WHEN it comes to food and the way we think about it, the brain works in a funny way. When we limit certain foods, or feel restricted in any way, the focus we place on these foods can actually result in us thinking (and eating) them more. This is just one of the reasons that diets, especially restrictive ones, generally do not work - we simply crave what we are not supposed to be eating. This is one of the reasons that focusing on what we can eat and enjoy is a step in the right direction diet-wise. So this Christmas, these are the foods you can tuck into guilt-free thanks to their positive nutritional properties.
Prawns and seafood in general are surprisingly low in calories. While they may be a little pricey, in terms of your waistline, this is one Christmas favourite there is no need to limit. Packed full of protein, calcium, iodine and zinc, prawns - like most types of shellfish - are a low calorie, nutrient-dense food choice. And while prawns are often linked to adverse effects on cholesterol, there is no evidence that prawns specifically increase blood cholesterol. Plus, thanks to their relatively low fat content, you can enjoy them freely. The biggest issue with prawns is what we eat them with. Served grilled or marinated and with salad is fine, but if they are deep fried or served with creamy sauces and dressings, the bad fat content will be significantly increased. So try to enjoy these tasty treats in as natural a state as possible to reap all the health benefits without the extra calories.
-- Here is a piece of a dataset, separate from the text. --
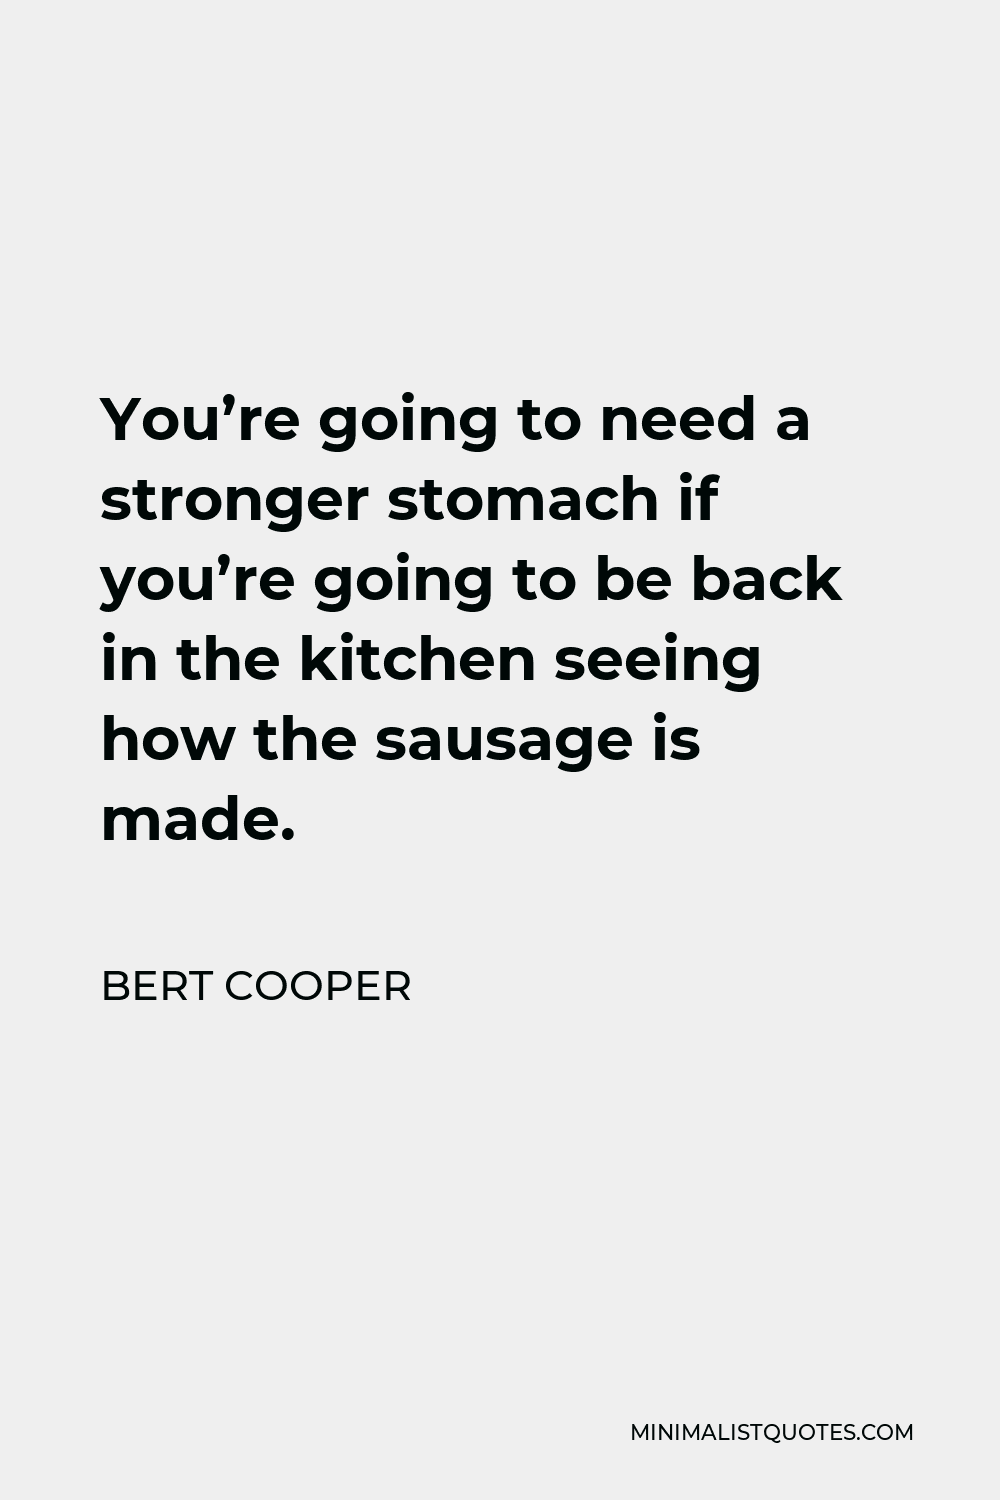 Bert Cooper Quote - You’re going to need a stronger stomach if you’re going to be back in the kitchen seeing how the sausage is made.
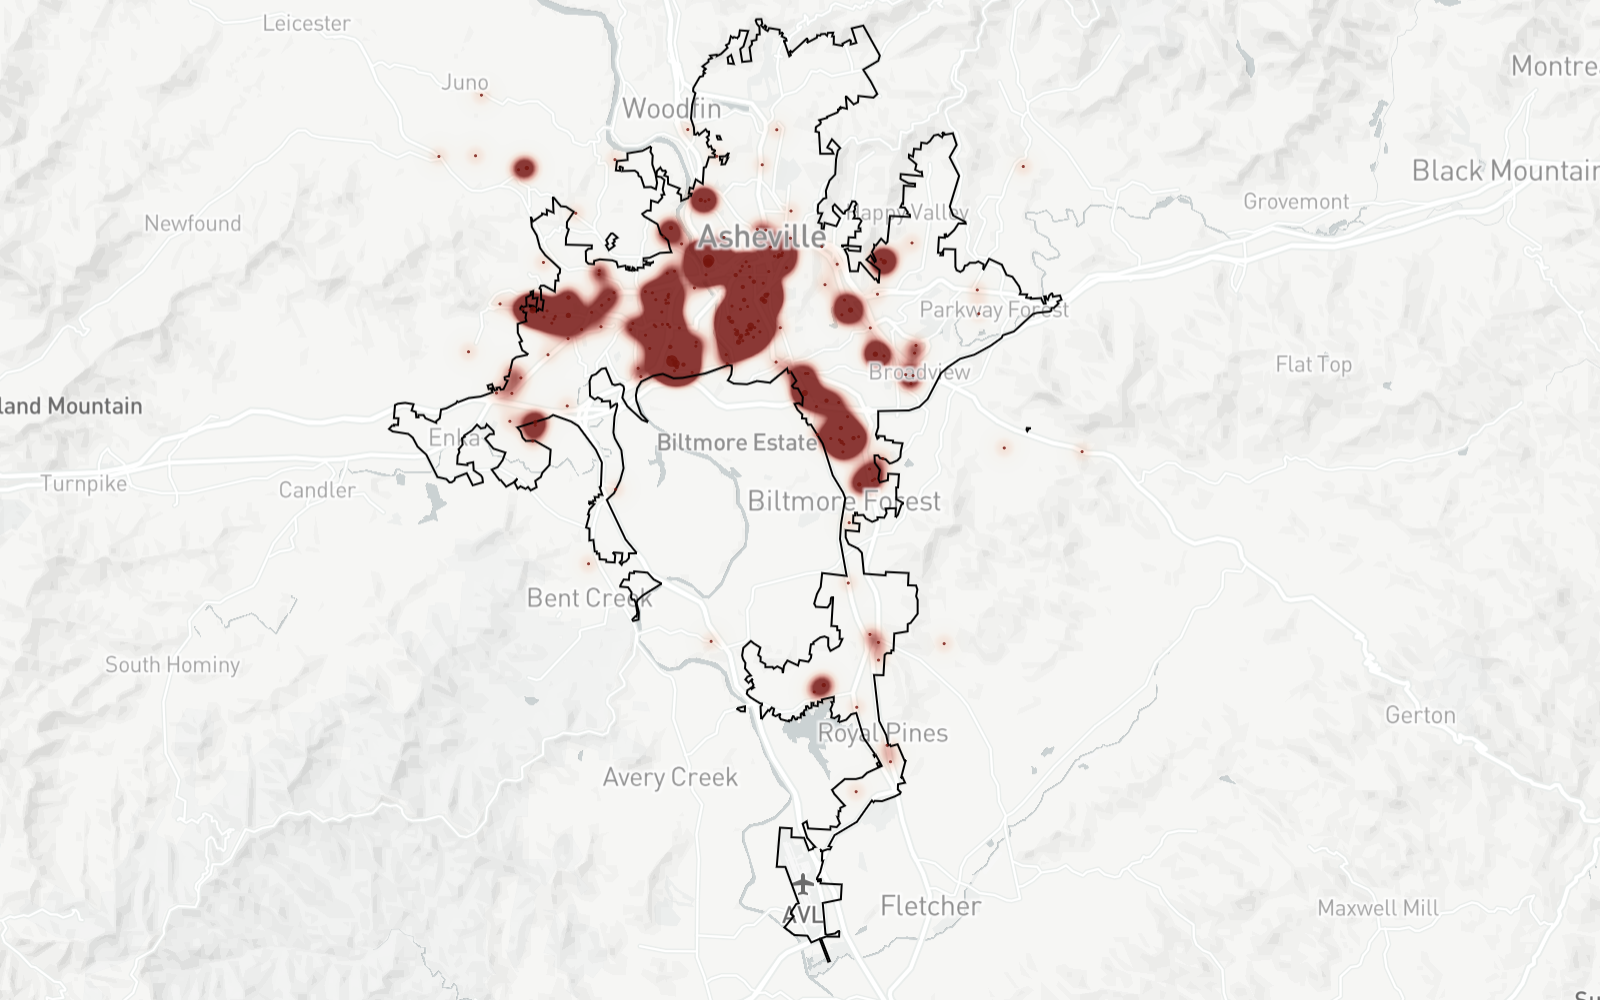 Link to an interactive illustration of gun violence in Asheville

It doesn't matter if your preference is stone fruit, mangoes or melon - fresh seasonal fruit is always a top choice. We often hear that fruit is a source of sugar and as such needs to be enjoyed in controlled portions. While fruit does contain the natural sugar fructose, when you compare nutrient-rich fruit to most other popular Christmas snack choices including shortbread, mince pies, chocolate-covered nuts and sweets, it becomes obvious why it remains a good choice. And let's be honest, the cherry, mango and stone fruit seasons are so short - why should you have to limit one of nature's wonder foods at this time of year?
Not as popular here in Australia as in the US, it is really a shame we do not eat more turkey year-round simply because it is so good for us. Turkey breast is one of the leanest protein sources available with less fat than beef fillet, lamb fillet, pork fillet and chicken breast and turkey offers more than 10 essential nutrients including selenium and iodine. Turkey is also a tasty lean meat, with much less fat than pork and much less salt than ham and as such earns its place at the centre of the Christmas table.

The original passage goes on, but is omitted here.